Acute mountain sickness (AMS) occurs temporarily in the individuals who ascend to 2,500 m or above. Lake Louise self-assessment scoring system (LLS) has been applied in its diagnosis, i.e., whoever arrives at high altitude experiences headache and has LLS score >3 (Imray et al. 2010). AMS has been considered as insufficiency of adaptation to high altitude and neurological disorders caused by hypoxia. Headache is the primary symptom according to LLS and is defined as high-altitude headache (HAH), if it occurs within 24 h after person ascents to 2,500 m or above and subsides within 8 h after descending (Carod-Artal 2012; Lawley 2011; Serrano-Duenas 2005). Thus, it is urgent and critical to identify the clinical characteristics of AMS due to its potential hazard for workers, mountaineers and tourists after acute high-altitude exposure.

Although AMS has been studied for many years, its underlying pathophysiological mechanisms of AMS are still not fully understood, including whether the ventilation response, circulatory alteration and the changes in cerebral blood flow (CBF) are involved. Specifically, alterations in CBF, brain volume and intracranial pressure may play crucial roles in the development of AMS, particularly the neurological symptoms, headache and dizziness (Imray et al. 2010).
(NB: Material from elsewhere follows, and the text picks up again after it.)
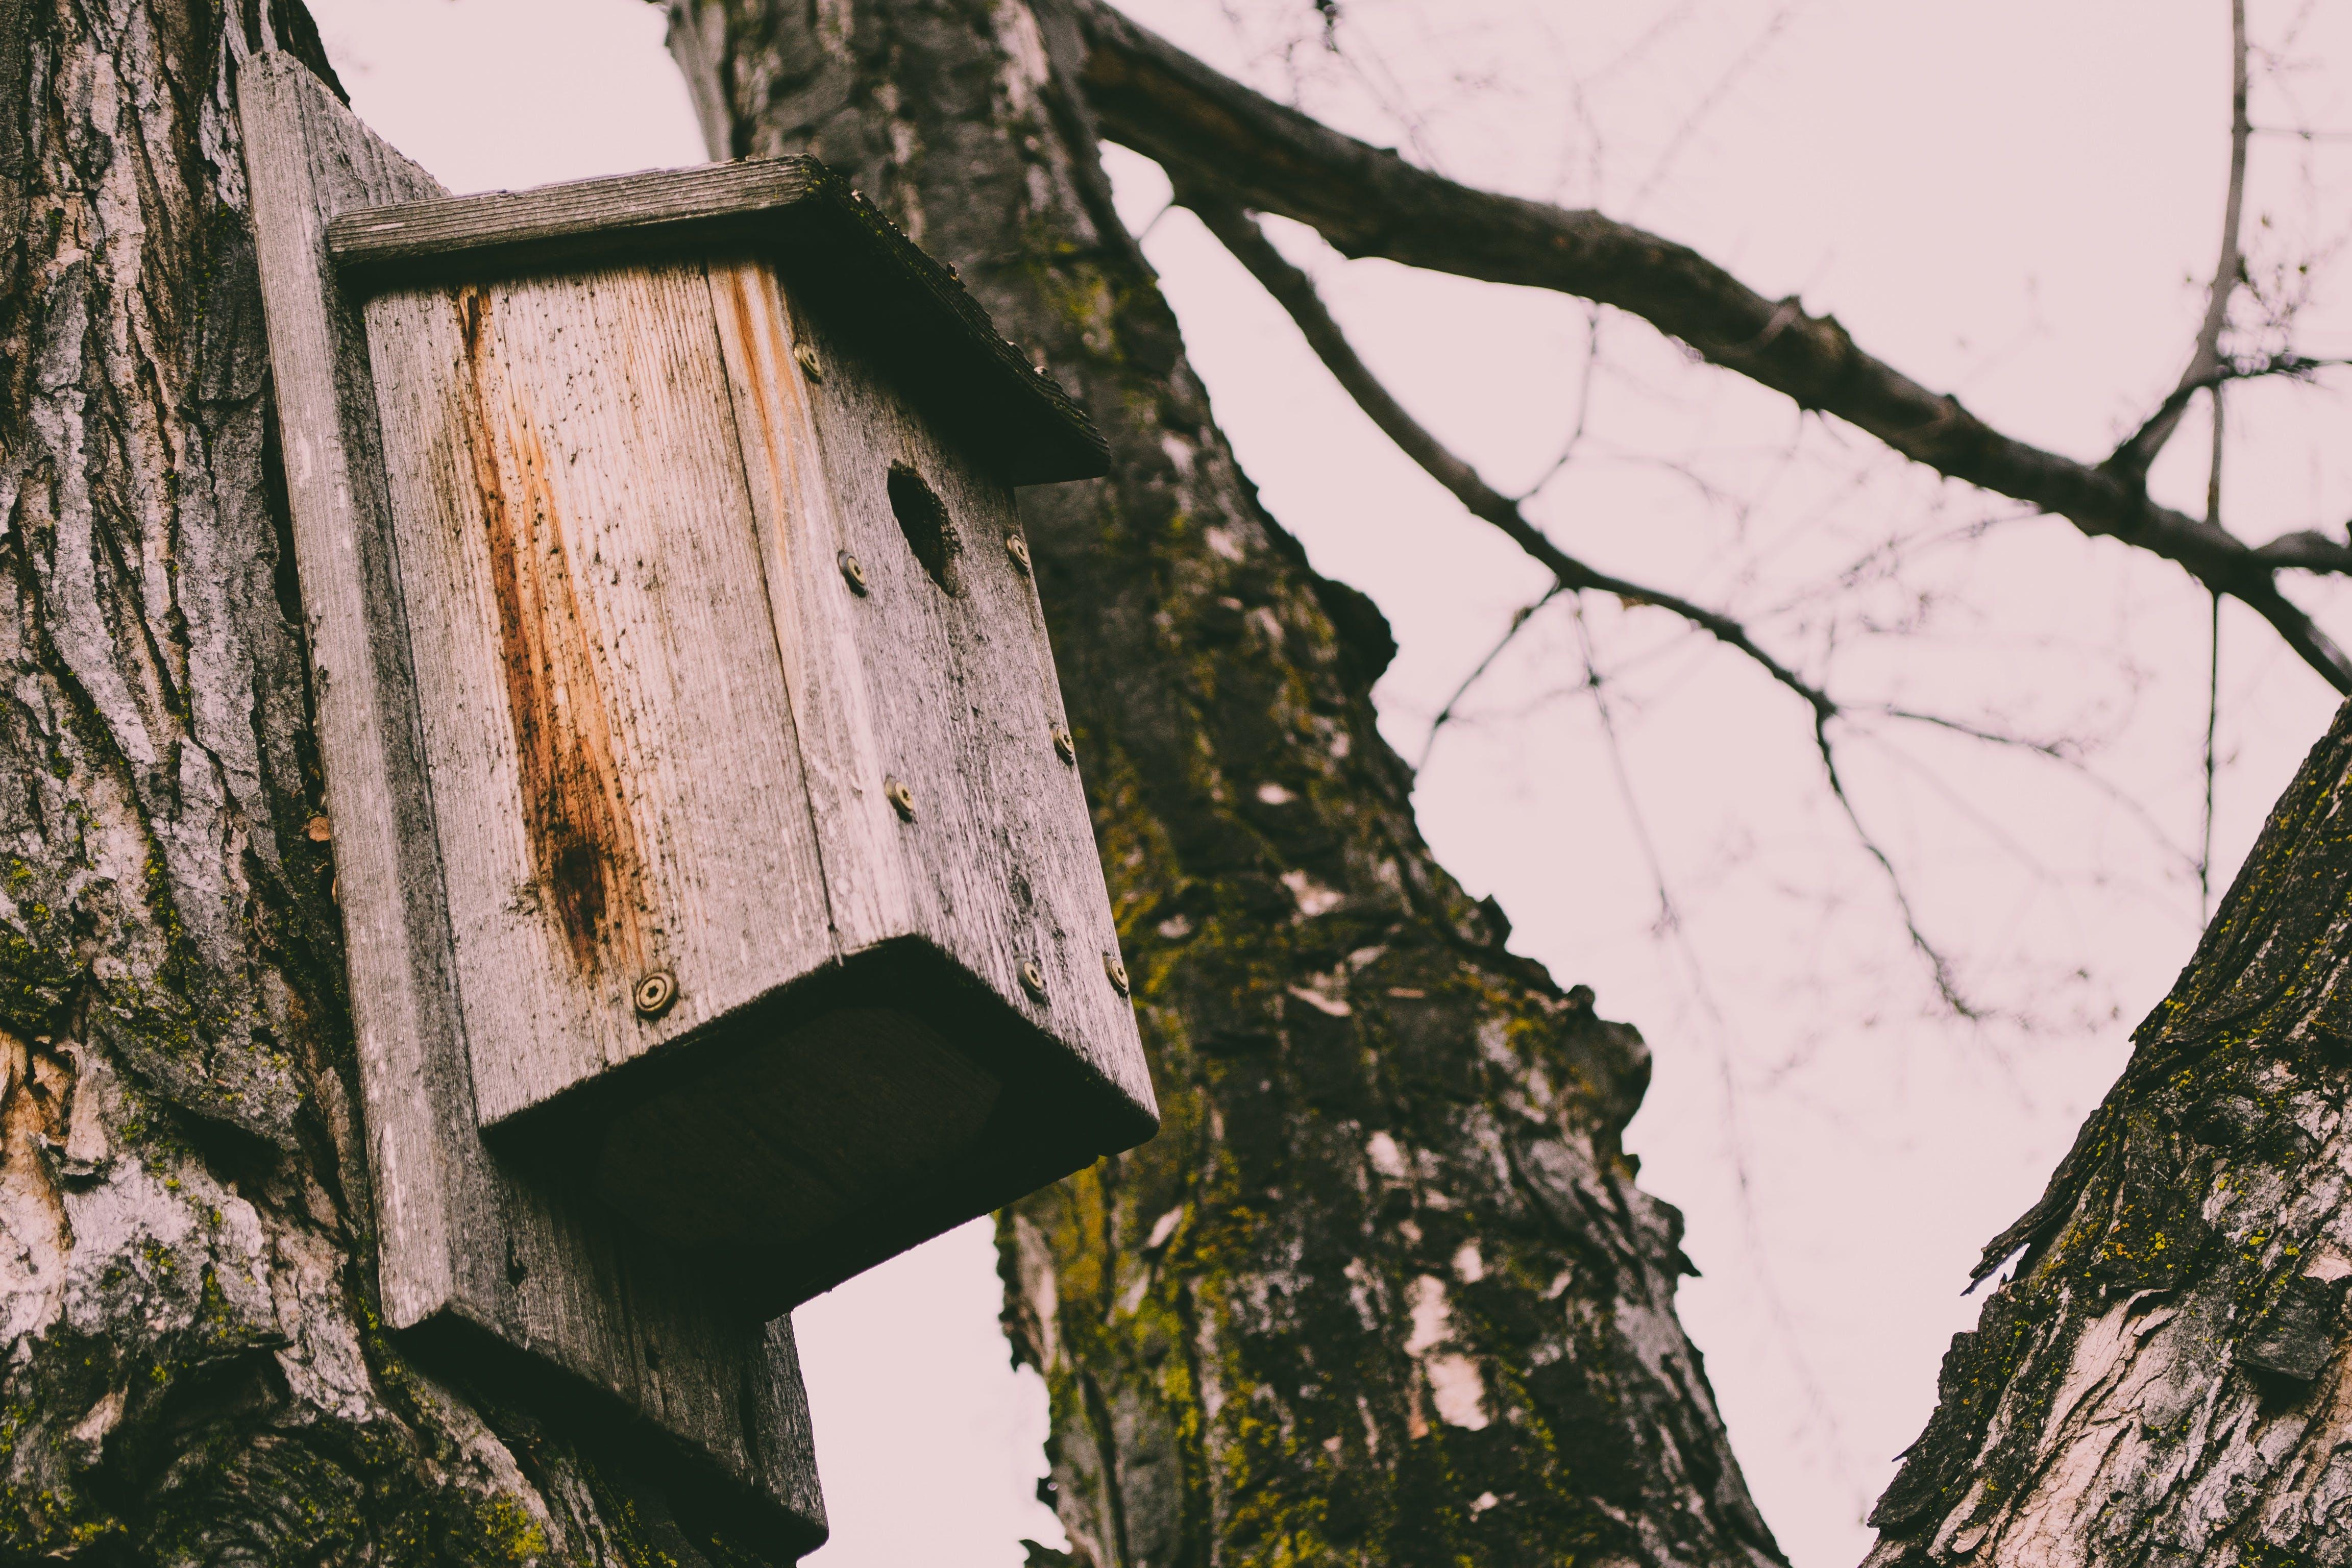 Brown Wooden Bird House on Tree

Modification in CBF due to high altitude is also a compensatory reaction that may be caused by vasoconstriction, elevated blood pressure (BP) and heart rate and the consequential rise in cardiac output (CO) to maintain sufficient supply of oxygen (or oxygen delivery) and energy for the brain. Initial constriction of cerebral vessels was induced by hypomania and subsequent dilation was caused hypoxia per se and the hypoxia-induced vasodilators (Brugniaux et al. 2007). CBF and the cerebral perfusion rise to a greater extent than what is reflected by the velocities of the cerebral vessels (Lassen 1992).

Although it has been indicated that CBF initially increases rapidly and is recovered progressively to what is at the sea level in 2 weeks, which is slower in high-altitude climbers as compared to the matched control group but without statistical significance (Rootwelt et al. 1986). However, the controversy result that CBF increases with acute hypoxia has been reported (Lassen 1992). Although a depression chamber study of 10 subjects has showed that AMS is not related to CBF (Baumgartner et al. 1999), CBF velocity responses to hypoxia in subjects who are susceptible to high-altitude pulmonary edema have been revealed (Berre et al. 1999).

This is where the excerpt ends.